Using a machine learning methodology, we developed a scoring model to predict the likelihood of customer complaint calls as a proxy for customer-perceived quality. The developed model consists of two components: service quality and connectivity quality. The service quality model considers the perceived service quality during the sessions, while the connectivity quality considers connection establishment. We overcame several issues using clustering-based variable selection, pseudo target variable generation using PCA, and the introduction of SPC-based variables. We implemented the model in a real production network system that handles several billion calls per day. To manage the tens of billions of CDRs, we used the open source Kafka and Spark software packages. The developed system generates a cross-CDR database to be used by the quality model after merging various CDRs.

The validation test showed that the score model has strong explanatory power. Individuals from the lowest scored group (a score less than or equal to 30) have a 20 times higher likelihood of making complaint calls than the highest score group. Also, the sensitivity of the proposed model is 2.4 times higher than that of the random guess model. Compared to the legacy system, the new system based on the proposed scoring model detects base stations that cause a high level of complaint calls. When cells are selected with the new method, the complaint calls made in the top ten worst performing cells increase by about six times. By upgrading or repairing these cells first, we believe that customer dissatisfaction can be handled more efficiently. When we monitored the first call resolution rate, that is, the fraction of customers whose issues are resolved at the first call, the rate increased from 45% to 72% within six months of adoption, which shows the effectiveness of the proposed system.

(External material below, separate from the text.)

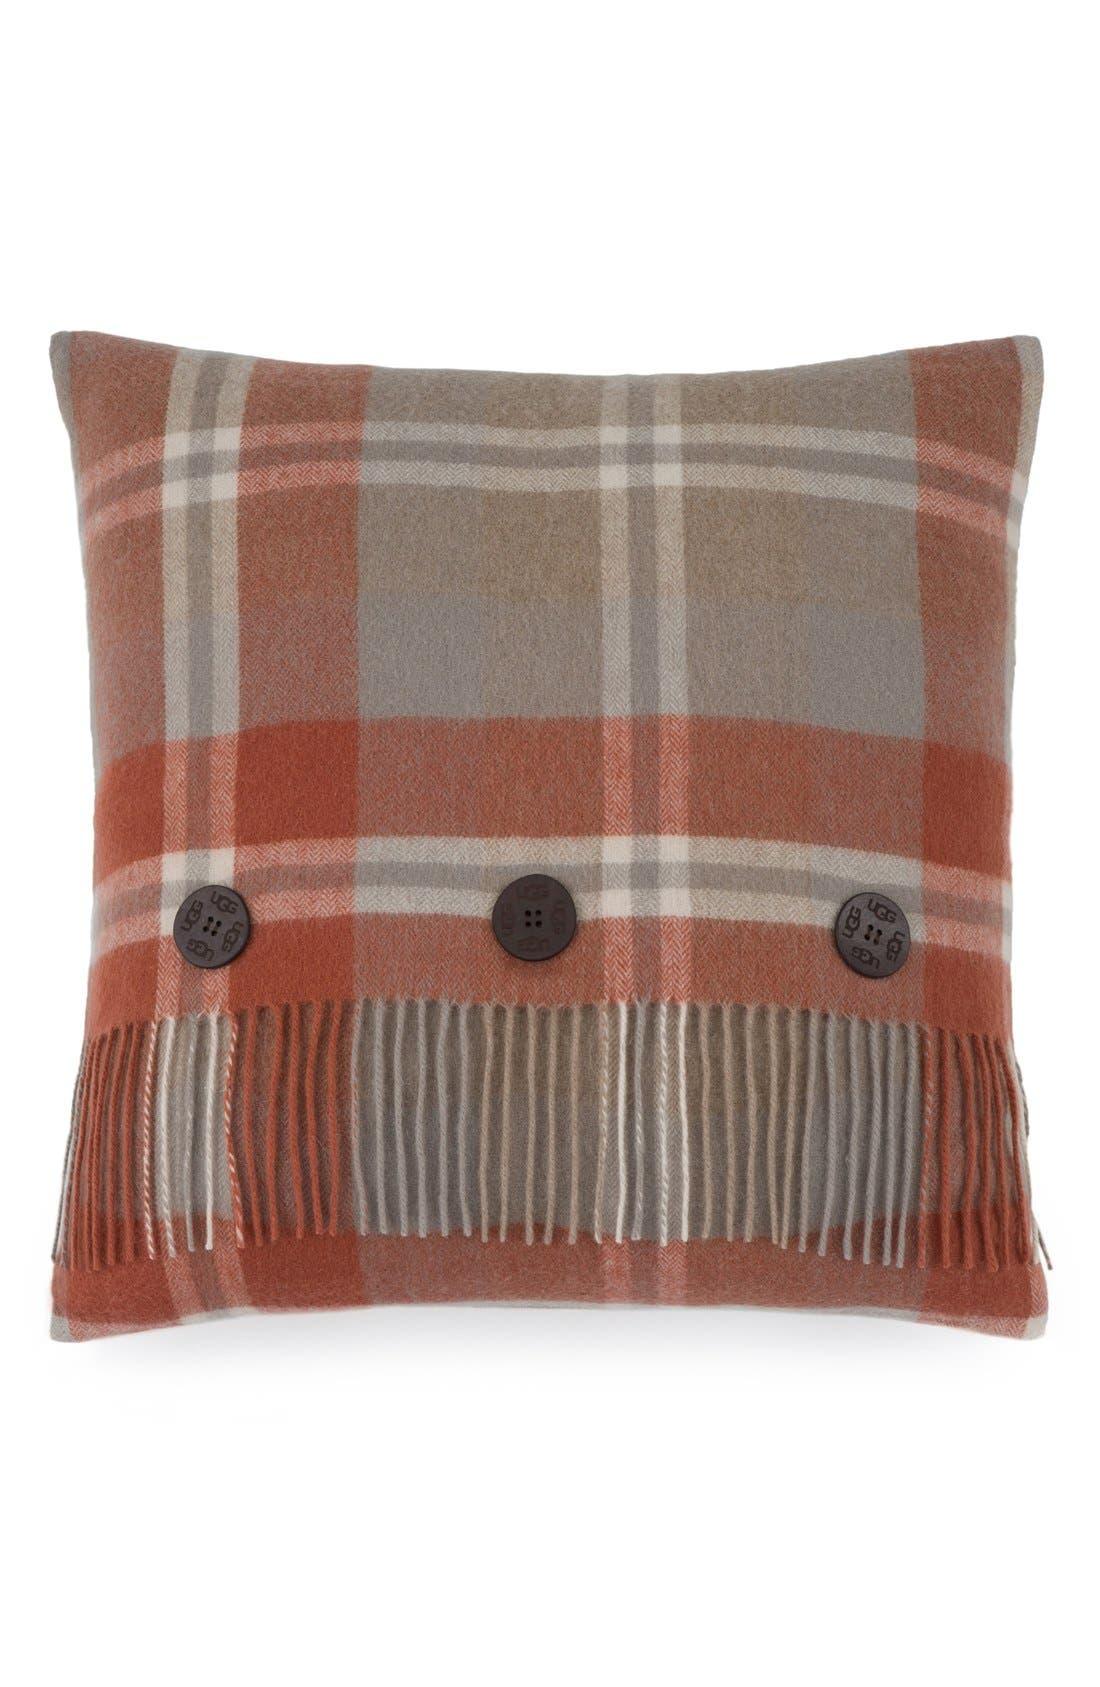 UGG<SUP>®</SUP> 'Glacier Plaid' Wool Pillow, Main, color, 600

Integration of a subjective quality model with the overall quality model is a future research direction. Additionally, the differences in the data service quality or video service quality from the call quality can be integrated with the objective quality model. Our final goal is to generate data that can be used to improve business performance by analyzing the influence of network quality on customer net profit scores and customer churn.

Conflicts of Interest

The authors declare that there are no conflicts of interest regarding the publication of this paper.

Acknowledgments

This research was supported by the Basic Science Research Program through the National Research Foundation of Korea (NRF) funded by the Ministry of Science, ICT & Future Planning (NRF-2012R1A1A2007890).